Updated on March 8th, 2021 by Bob Ciura
Spreadsheet data updated daily
In poker, the blue chips have the highest value. We don’t like the idea of using poker analogies for investing. Investing should be far removed from gambling.
With that said, the term “blue chip” has stuck for a select group of stocks….
So what are blue chip stocks?
Blue chip stocks are established, safe, dividend payers. They are often market leaders and tend to have a long history of paying rising dividends. Blue chip stocks tend to remain profitable even during recessions.
At Sure Dividend, we define blue chip stocks as companies that are members of 1 or more of the following 3 lists:
- Dividend Achievers (10+ years of rising dividends)

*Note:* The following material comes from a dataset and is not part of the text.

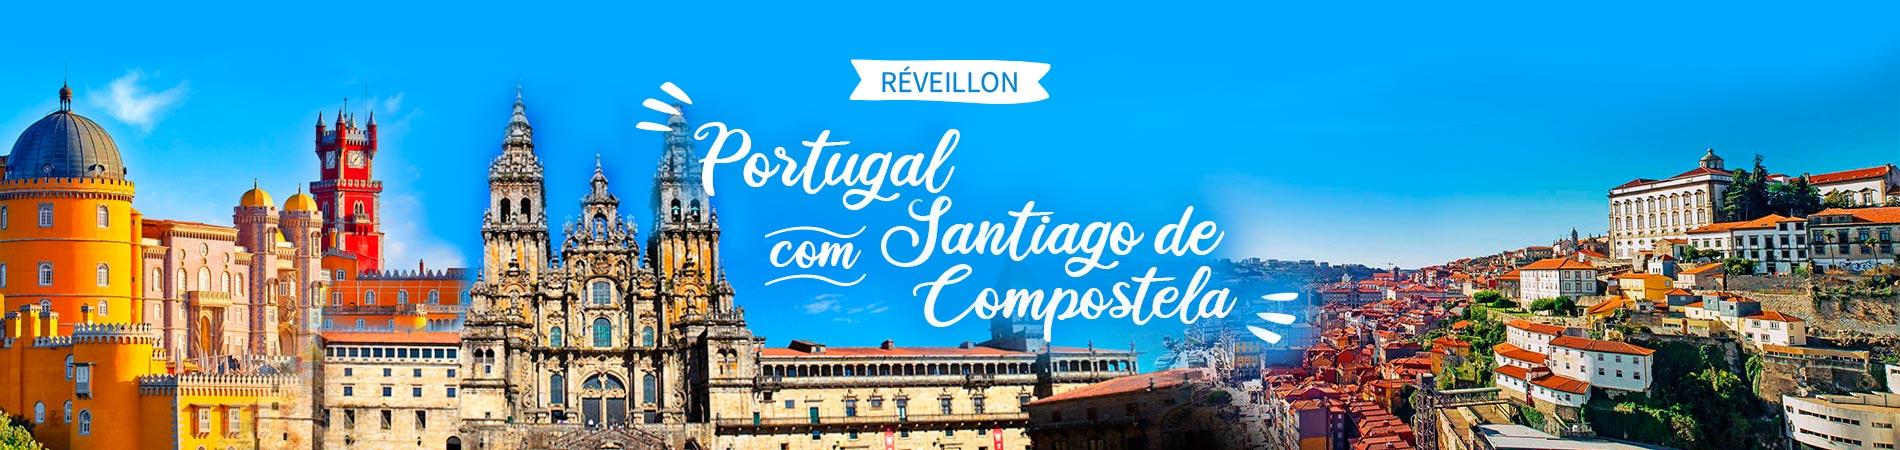 banner-portugal-santiago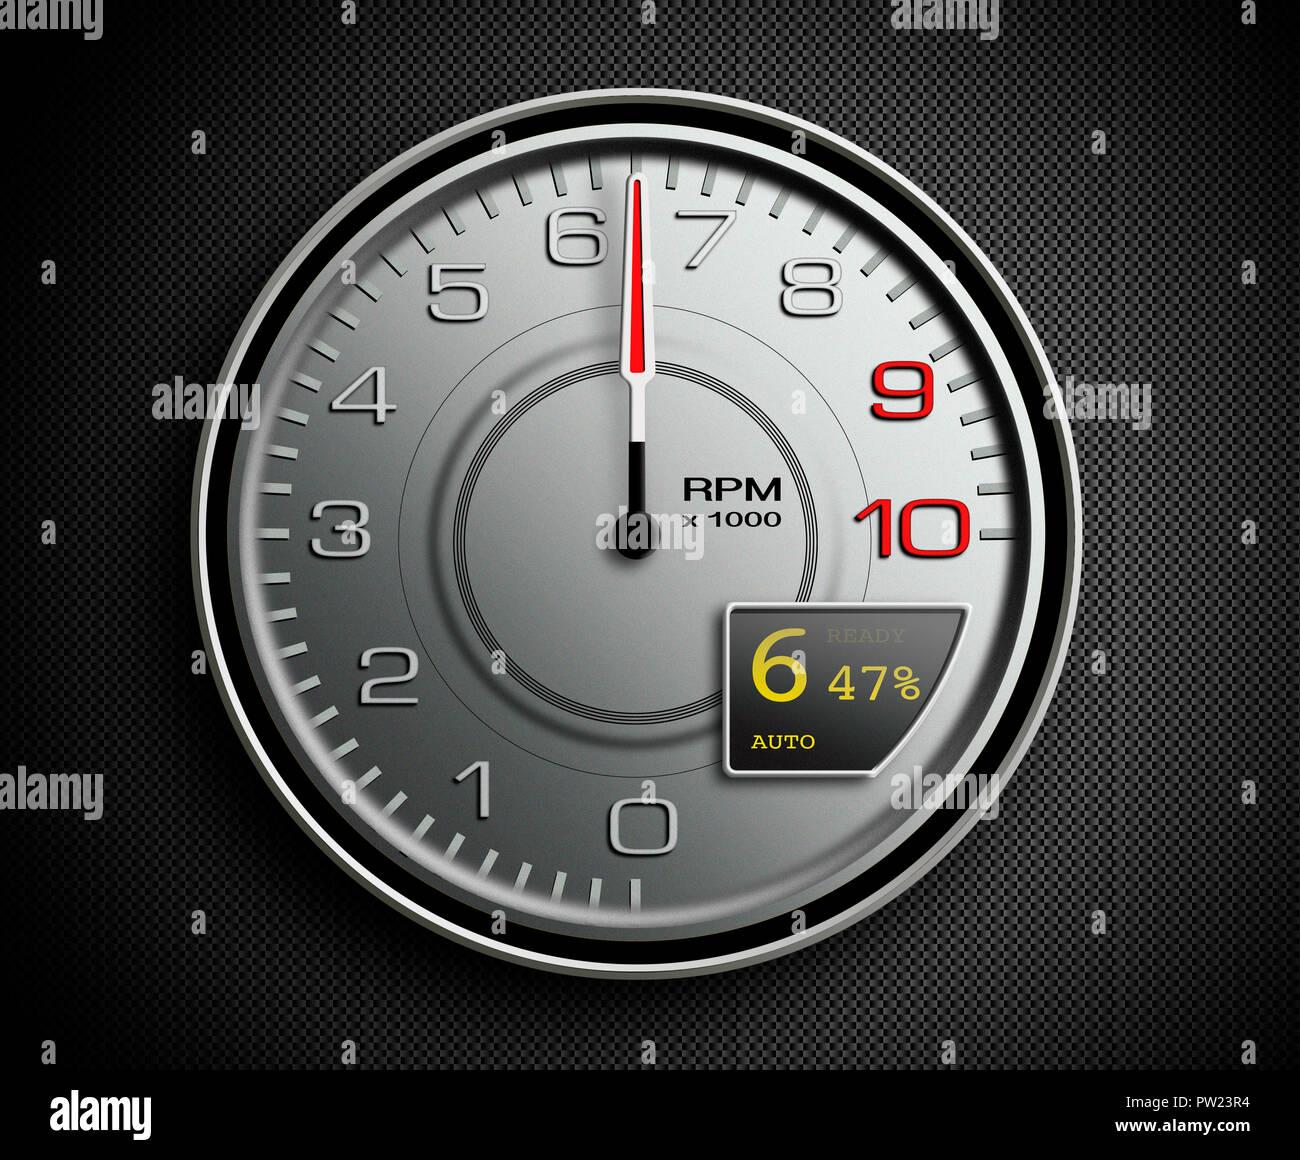 Ein silbernes Auto U/min bei 6400, Sport Auto, Supersportwagen, Umdrehung pro Minute, Ferrari Stockbild

- Dividend Aristocrats (25+ years of rising dividends)
- Dividend Kings (50+ years of rising dividends)
You can download the complete list of all 260+ blue chip stocks (plus important financial metrics such as dividend yield, P/E ratios, and payout ratios) by clicking below:
Click here to download your Excel spreadsheet of all 260+ blue chip stocks, including metrics that matter like dividend yield and the price-to-earnings ratio.
In addition to the Excel spreadsheet above, this article covers our top 7 best blue chip stock buys today as ranked using expected total returns from the Sure Analysis Research Database.
Our top 7 best blue chip stock list excludes MLPs and REITs. The table of contents below allows for easy navigation.
Table of Contents
- The 7 Best Blue Chip Stocks Today
Blue Chip Stock #7: Altria Group (MO)
Blue Chip Stock #6: Farmers & Merchants Bancorp (FMCB)
Blue Chip Stock #5: Verizon Communications (VZ)
Blue Chip Stock #4: Principal Financial Group (PFG)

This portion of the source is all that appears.